Six brass players were involved in this session, three saxophonists, two trombonists, and one French horn player. George Martin was excellent at mixing horns with Beatle songs. Got To Get You Into My Life is another example of that. They are not regulated to the background like other songs. They are upfront and have a fat sound to them.

This song was also the first song The Beatles ever licensed, while they were together, to be used in a show. It was in the last Monkees episode (“The Frodis Caper”) which was totally surreal…not like the formula driven episodes of the first season. It was kinda like The Simpsons meet Green Acres.

John Lennon: “I often sit at the piano, working at songs, with the telly on low in the background, if I’m a bit low and not getting much done, then the words on the telly come through. That’s when I heard ‘Good morning, good morning.’ It was a corn flakes advertisement. I was never proud of it. I just knocked it off to do a song.”

Paul McCartney: “John was feeling trapped in suburbia and was going through some problems with Cynthia, it was about his boring life at the time. There’s a reference in the lyrics to ‘nothing to do’ and ‘meet the wife’; there was an afternoon TV soap called ‘Meet The Wife’ that John watched, he was that bored, but I think he was also starting to get alarm bells and so ‘Good morning, good morning.’”

Micky Dolenz (drummer for the Monkees): “And I’ll never forget it.  John Lennon looks up at me and says, ‘Hey Monkee Man!…You want to hear what we’re working on?’…And he points up to George Martin and I remember this so clearly…He’s wearing a three-piece suit…and he pushes a button on a four-track tape recorder and I hear the tracks to ‘Good Morning Good Morning.’…And then we sit around and then I remember some guy with a white coat and tie came in with tea…’Tea time, eh!’ And we sat around a little table and had really God-awful tea. And then everybody sat around and then we were chatting – ‘What’s it like, The Monkees?,’ me again trying to be so cool. And then I think it was John that went, ‘Right lads, down in the mines.’ And they went back to work.” .

Sgt Pepper

Just in case you wanted to know who was who on the cover. 

Sgt Pepper Cover who is who

This is the commercial that inspired John Lennon

I couldn’t find a version of Good Morning Good Morning going into the Sgt Pepper Reprise. You have to listen to the end of Good Morning and the beginning of the Reprise to hear it.

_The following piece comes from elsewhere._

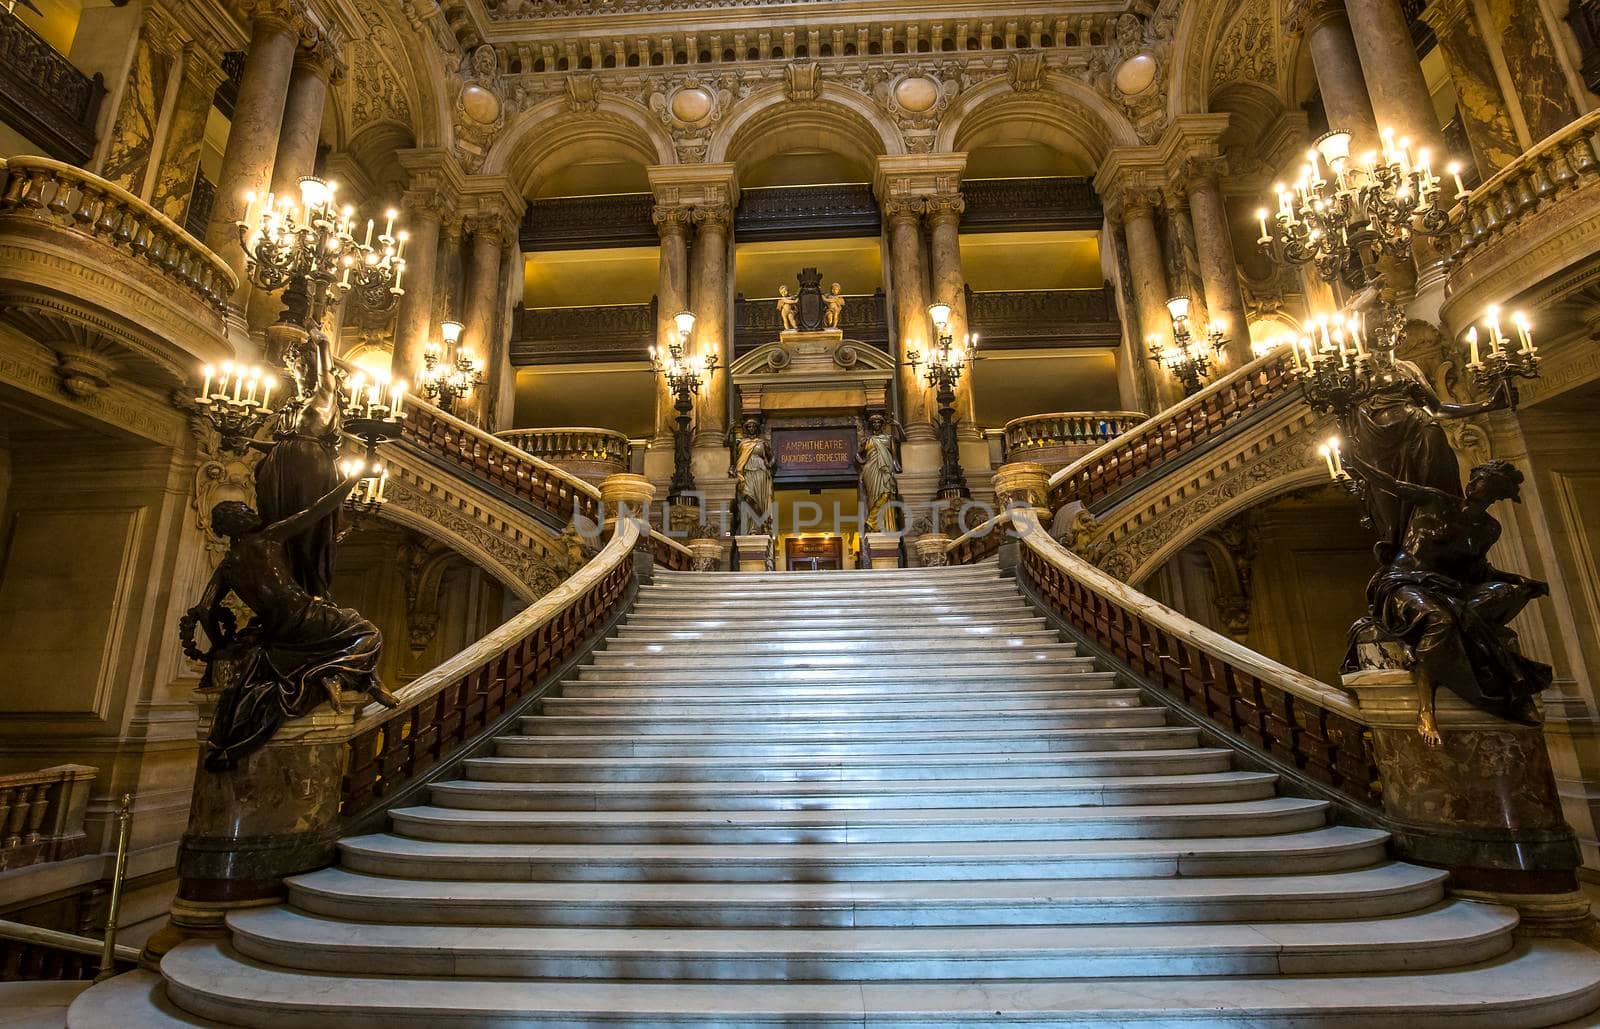 The Palais Garnier, Opera of Paris, interiors and details by photogolfer

The album of course plays them together…there is no space between the songs. 

Good Morning Good Morning

Nothing to do to save his life call his wife in
Nothing to say but what a day how’s your boy been
Nothing to do it’s up to you
I’ve got nothing to say but it’s okay
Good morning, good morning

Going to work don’t want to go feeling low down
Heading for home you start to roam then you’re in town
Everybody knows there’s nothing doing
Everything is closed it’s like a ruin
Everyone you see is half asleep
And you’re on your own you’re in the street
Good morning, good morning

After a while you start to smile now you feel cool
Then you decide to take a walk by the old school
Nothing has changed it’s still the same
I’ve got nothing to say but it’s okay
Good morning, good morning

People running round it’s five o’clock
Everywhere in town is getting dark
Everyone you see is full of life
It’s time for tea and meet the wife
Somebody needs to know the time, glad that I’m here
Watching the skirts you start to flirt now you’re in gear
Go to a show you hope she goes
I’ve got nothing to say but it’s okay
Good morning, good morning

cat, dogs barking, horses, sheep, lions, elephants, a fox being chased by dogs with hunters’ horns being blown, then a cow and finally a hen.